I once had to sit with a clipboard counting operator steps for 3 hours for lean training. I ended up moving 2 buttons on the machinery and saved them something like 45 minutes a day.
The tools of lean/6 sigma/5 S are excellent, it's how they get applied a lot of the time that sucks. We've had some very eye opening exercises in training sessions here, like earlier this year when we identified a part that was traveling over 5.5 miles start to finish within our building (and our facility is NOT that big, just lots of back and forth nonsense) just because processes were laid out in a stupid order for stupid reasons. I've been wanting to do Greenbelt training for like 3 years now, but every time the opportunity comes up either money gets tight or I get handed some other big PITA project that eats all my time.
Agent98
New Reader
12/1/17 12:19 p.m.
We do LEAN at my company -here are the 8 waste categories
TIMWOODS
Transportation/Inventory/Waiting/Overproduction/Overprocessing/Defects/Specifications (not related to customer requirements)
Comes from Japan and from a time of shortages where all wasted effort and cost had to be minimized.
Great concept but cannot overcome shortsighted, old school or just plain bad management. Not intended to starve/cut to the bare bone but eliminate or streamline what is not adding value.
Duke
MegaDork
12/1/17 12:32 p.m.
In my observation of it, Six Sigma means $1200 / hour worth of management sitting in a conference room for 2 hours chasing an idea that will save $500 once around and around in circles.
Duke said:
In my observation of it, Six Sigma means $1200 / hour worth of management sitting in a conference room for 2 hours chasing an idea that will save $500 once around and around in circles.
Lean is simplifying and eliminating waste.
Six Sigma is attempting to achieve perfection by eliminating variation.
What you are describing is somebody using the wrong tool for the job....
SVreX
MegaDork
12/1/17 12:50 p.m.
GameboyRMH said:
SVreX said:
My take on lean manufacturing (and therefore lean hiring, etc) is that it is NOT about avoiding spending money, it's about spending it effectively looking for a long term reward.
Sounds more like long-term thinking.

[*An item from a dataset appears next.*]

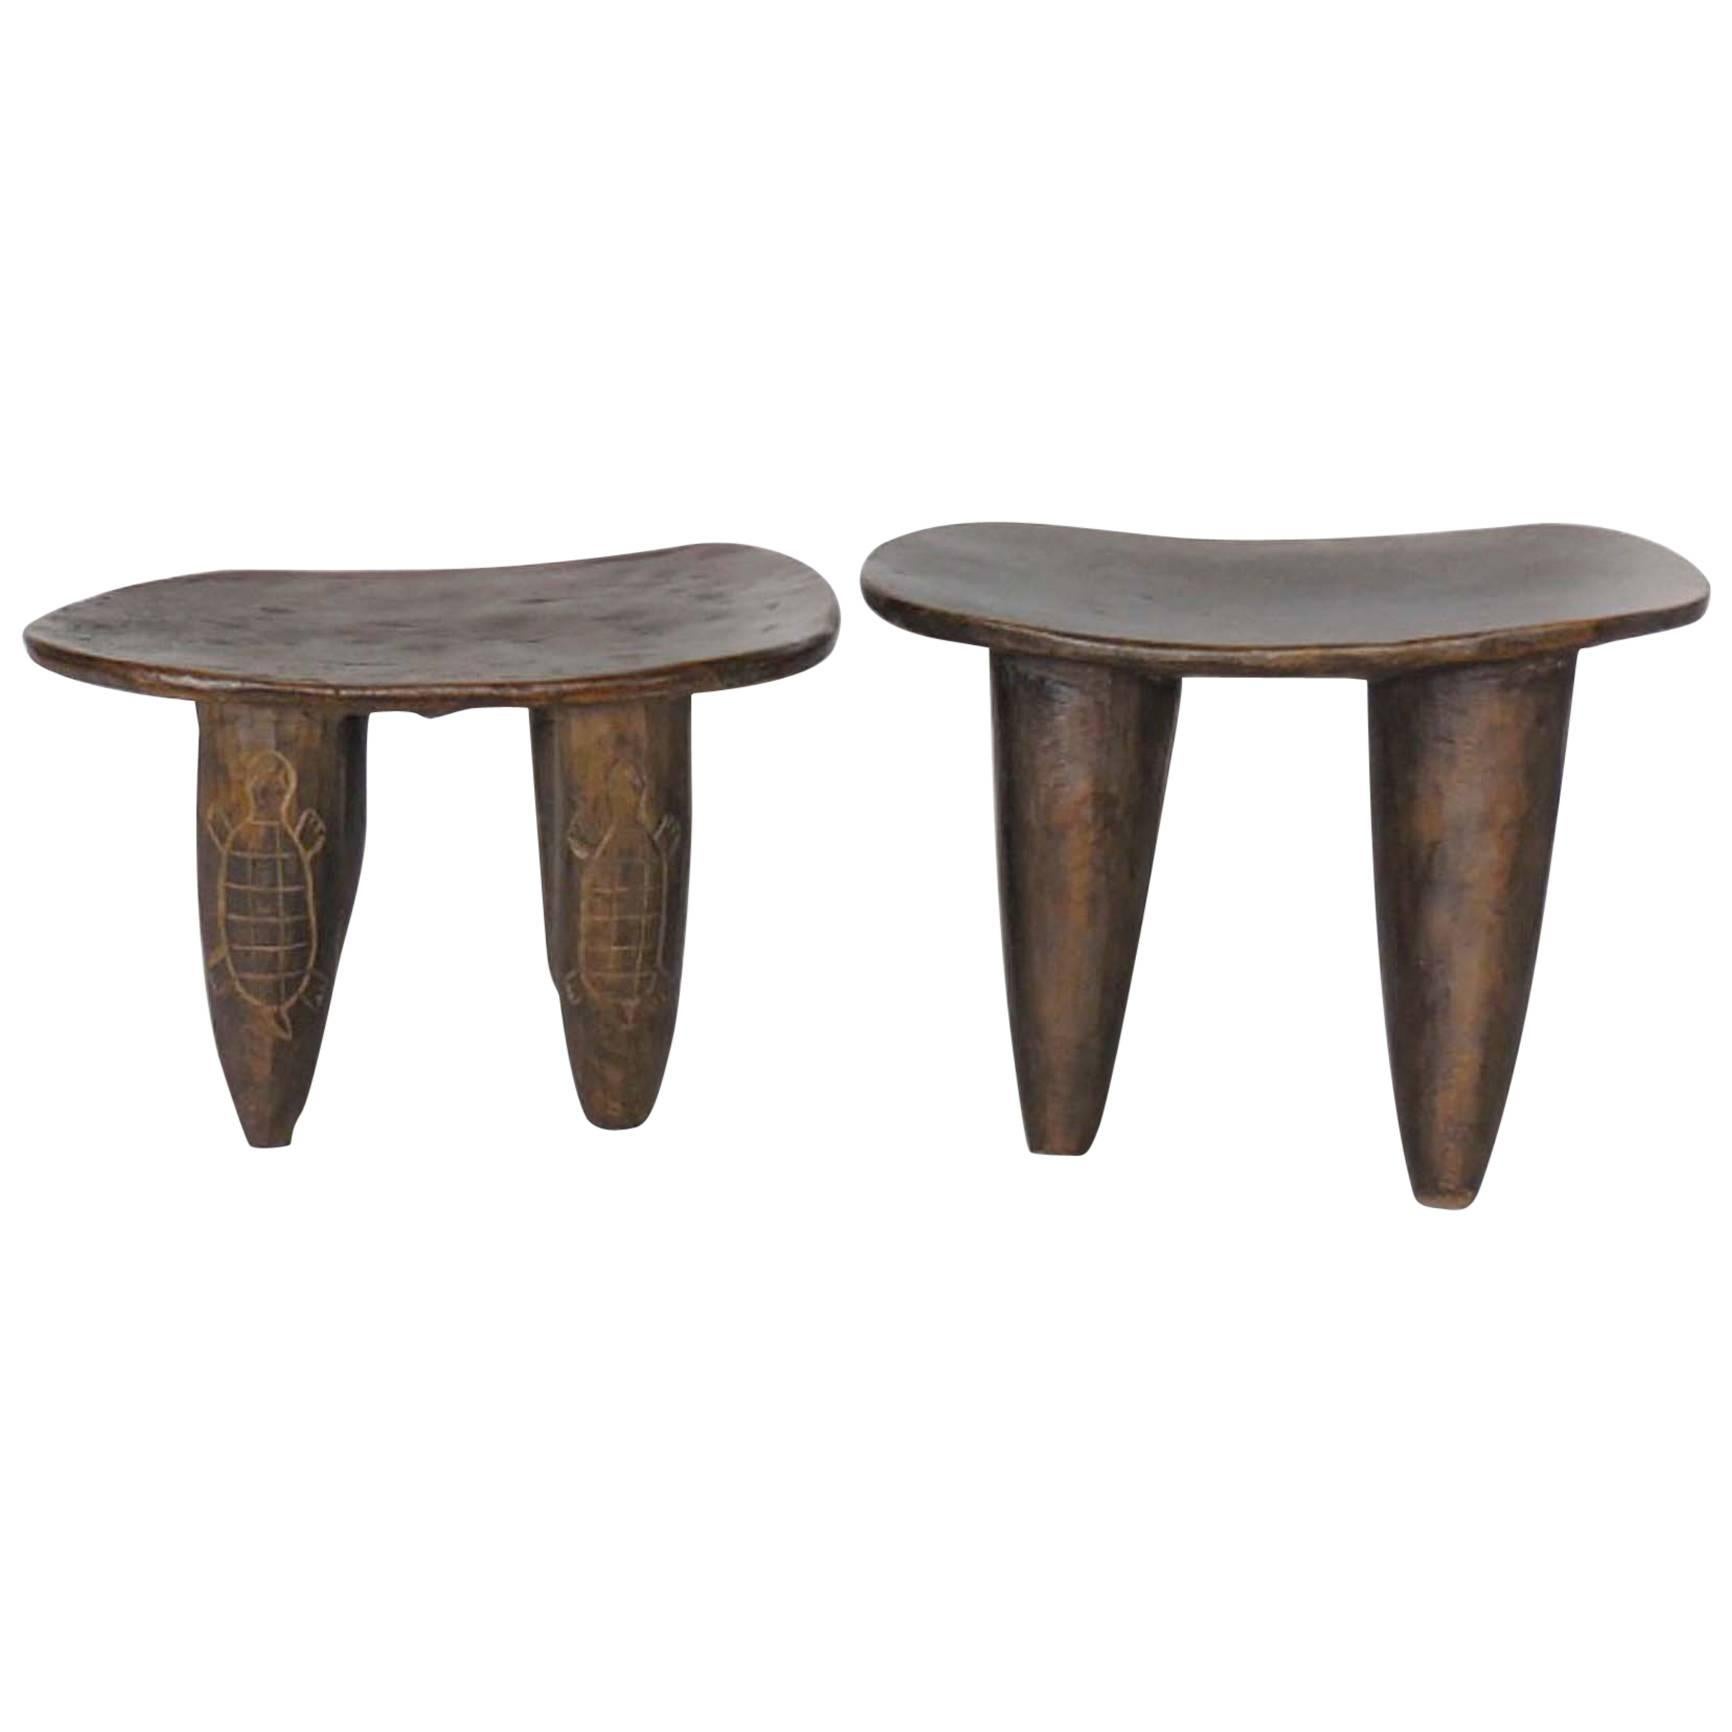 Tribal Hand-Carved Stool from Mali - LEFT ONE AVAILABLE

I've only ever heard "lean" used in the context of business as a euphemism for "unrepentant cheap bastardry."
You are describing theory vs reality. The theory of lean has a lot to do with long-term thinking (consider Toyota spending millions to modernize manufacturing lines and increase efficiencies- "just in time" manufacturing, etc)

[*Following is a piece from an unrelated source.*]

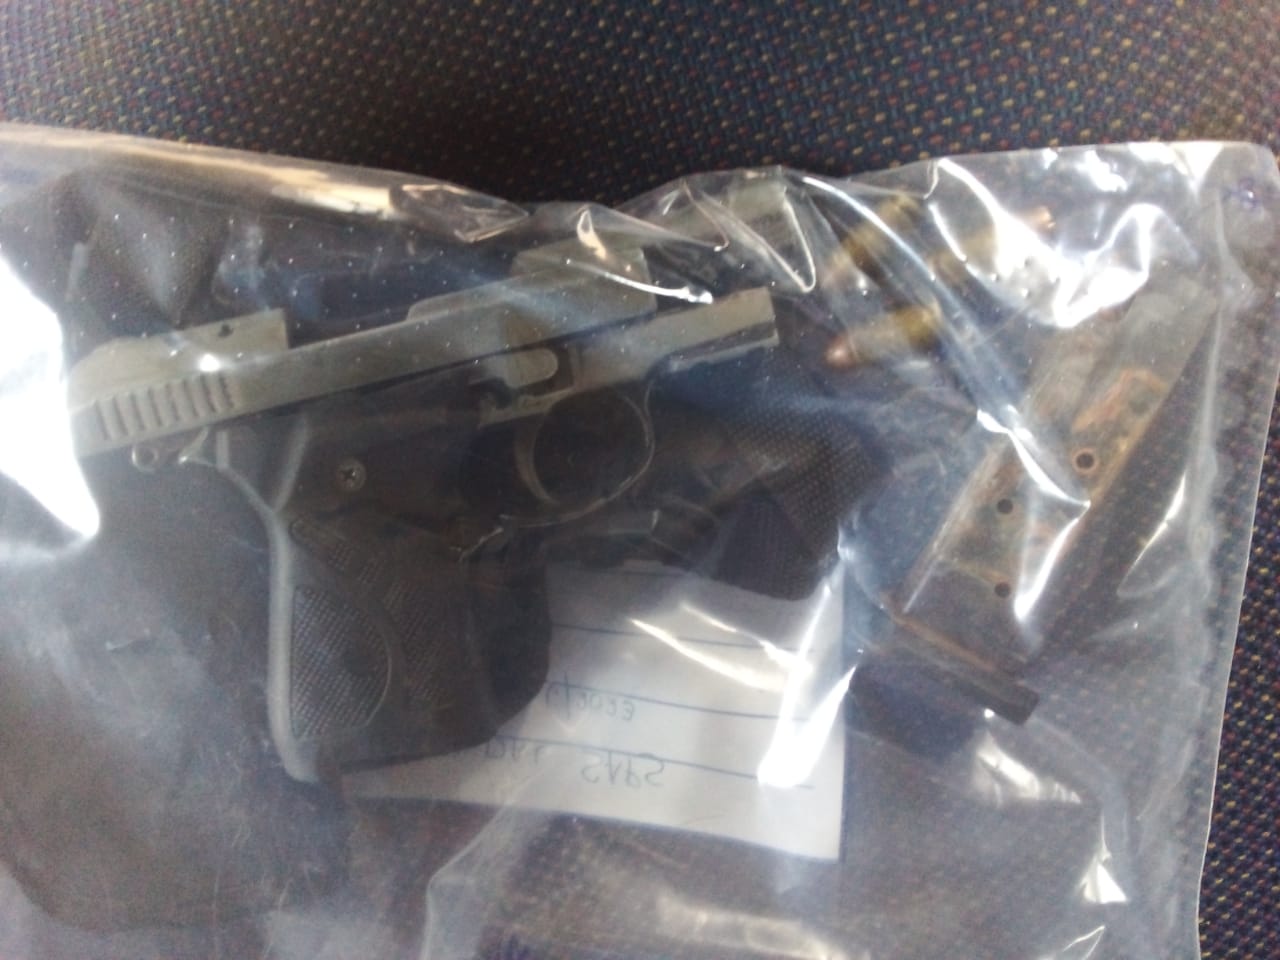 An intelligence-driven operation by police in Westrand District leads to the recovery of an unlicensed firearm, ammunition and drugs in Bekkersdal

The reality gets much closer to cheap bastardry all too often. And when it does, owners and management tend to pat themselves on the back and say "we are lean".
Just wait for them to jump on the human performance bandwagon too. Ugh.
In reply to SVreX :
I used to live in Georgetown KY where the Camry is assembled (and most of the town worked). Toyota took (and takes) the obsession with efficiency and "just in time" to extremes. My neighbor was one of the managers of JIT and would tell me of the absurd lengths the company had to go to in order to avoid stockpiling. (chartering private planes to bring in supplies when a glitch occurred in the chain) There are so many moving parts to assembling cars that a shortage of one component would throw the whole system into chaos. I suppose it worked but it was stressful for the people involved.
By this definition the company i currently work for would be lean. 2 bays, 2 guys to work, 1 courtesy person and the owner/manager is service writer. It works really well but gets a bit hectic if were real busy. Occasionally sucks because the part timers tend to quit often. (They cover 21 hours a week and it pays minimum wage).
The place i worked before this was cheap in every sense of the word. Hiring and equipment wise and it was more strenous/dangerous work. Ill never work for a cheap company again.
oldopelguy said:
Just wait for them to jump on the human performance bandwagon too. Ugh.
It's about time the business world admitted that it never really gave up on Taylorism.